If we take the fundamental call—not only the professionalization—of philosophy, or theorizing, (or storytelling!) seriously—that is, if we understand it as a way of being, a way of existing in relation to mystery, uncertainty—the vast mystery that is life—philosophy offers us potent medicine at this particular moment.7 And it must push past every one of its comfortable resting positions. Quite literally. It clearly cannot rely on any existing institutions to keep it alive. Even, and especially if, we do not really know what life is.

Which we are all having all the time, actually. Some versions contain a lot of force and require your full attention, otherwise they’ll take you down. It’s like this with anything that disrupts our understanding of reality.
That dissertation has circulated pretty widely and I’m glad. Except, what I wrote is more of a bureaucratic document than I ever wanted it to be. Getting a doctorate requires lots of hoop-jumping. I’ve been reworking it for years, and when the time is right it will be published. If you’re a person who has read it, or is reading it, please know this.
One year prior, when I lived in Istanbul, I would routinely buy a kilo of olives per week.
I’m thinking about the way the physicist and astrobiologist Sara Imari Walker writes that computation always occurs within physical systems. And how she says that we have not established what life is, in Life as No One Knows It, The Physics of Life’s Emergence (2024).
This is the gamble!
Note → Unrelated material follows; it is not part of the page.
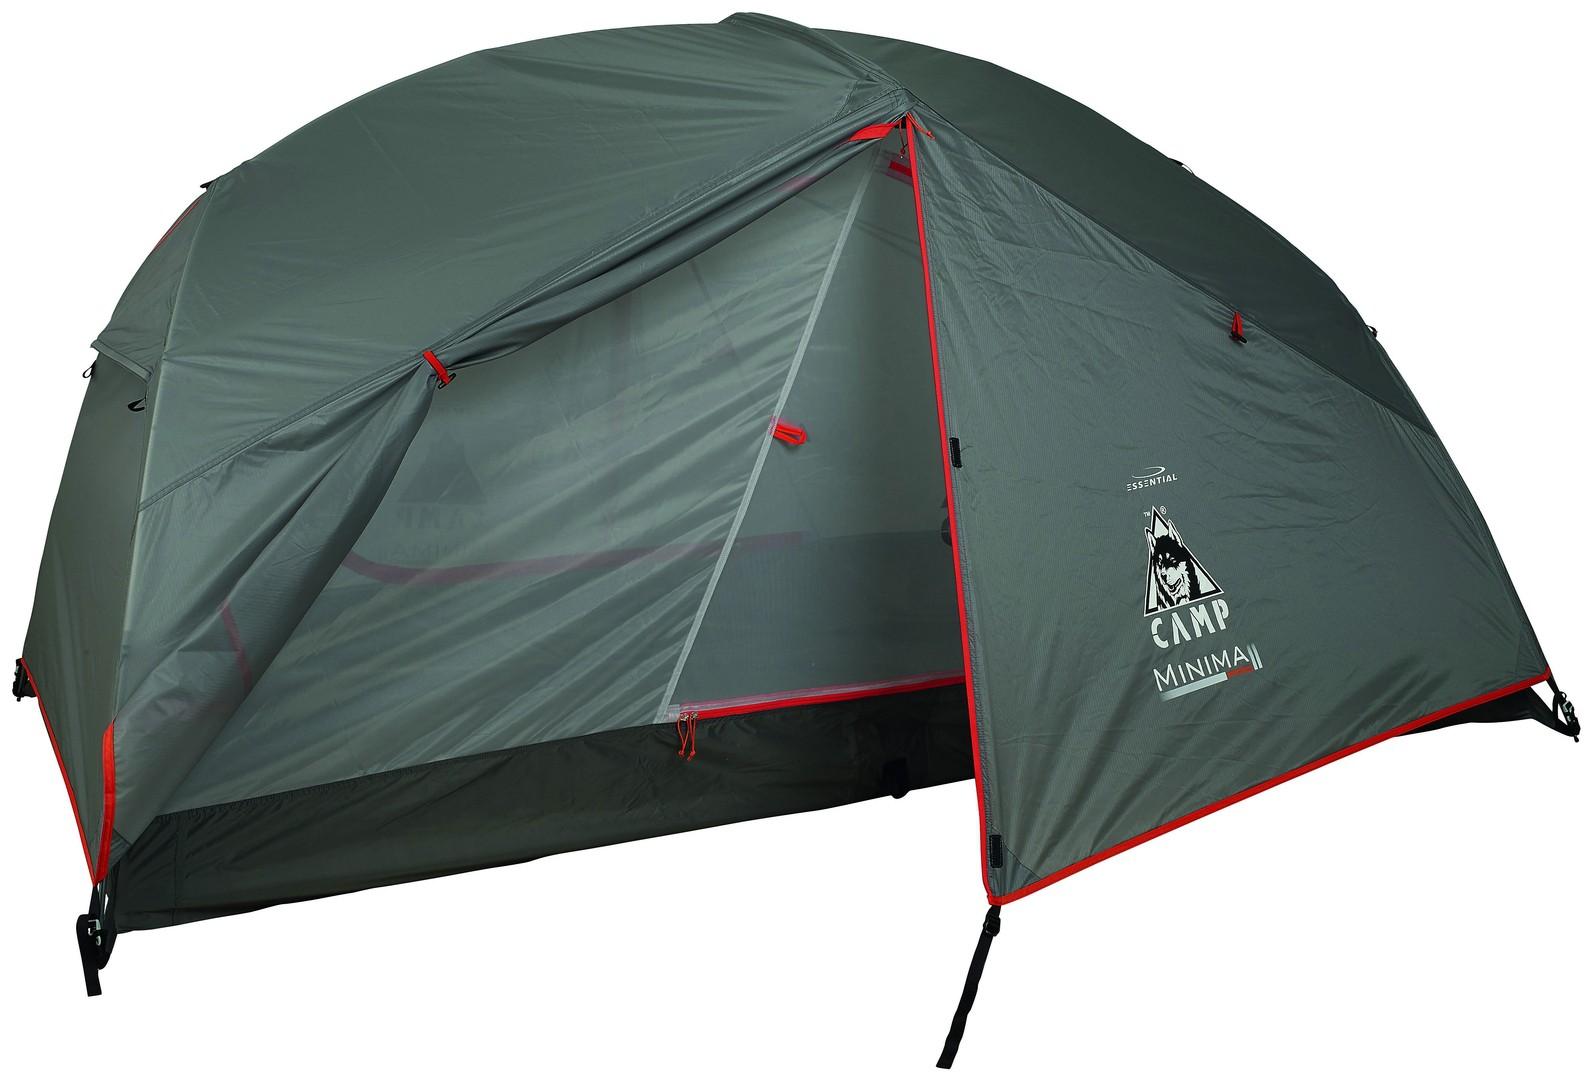 Tente Camp Minima 2 Pro

Isn’t it thrilling? I am thankful to be alive and writing right now. Is it heretical to say that? If so, it doesn’t change the fact it’s true for me, most days. Maybe I spent too many formative lost weekends in Las Vegas, enjoying being fed martinis at 16. I’m not sure. But Bob Dylan says the highway is for gamblers.
Even—and especially—unitive or boundary-dissolving experience! Thinking with this (the razor’s edge and intense vulnerability of innocence and ignorance) is a big part of why it took me so long to feel ready to say anything about my NDE.
Remember that poison is in the dosage.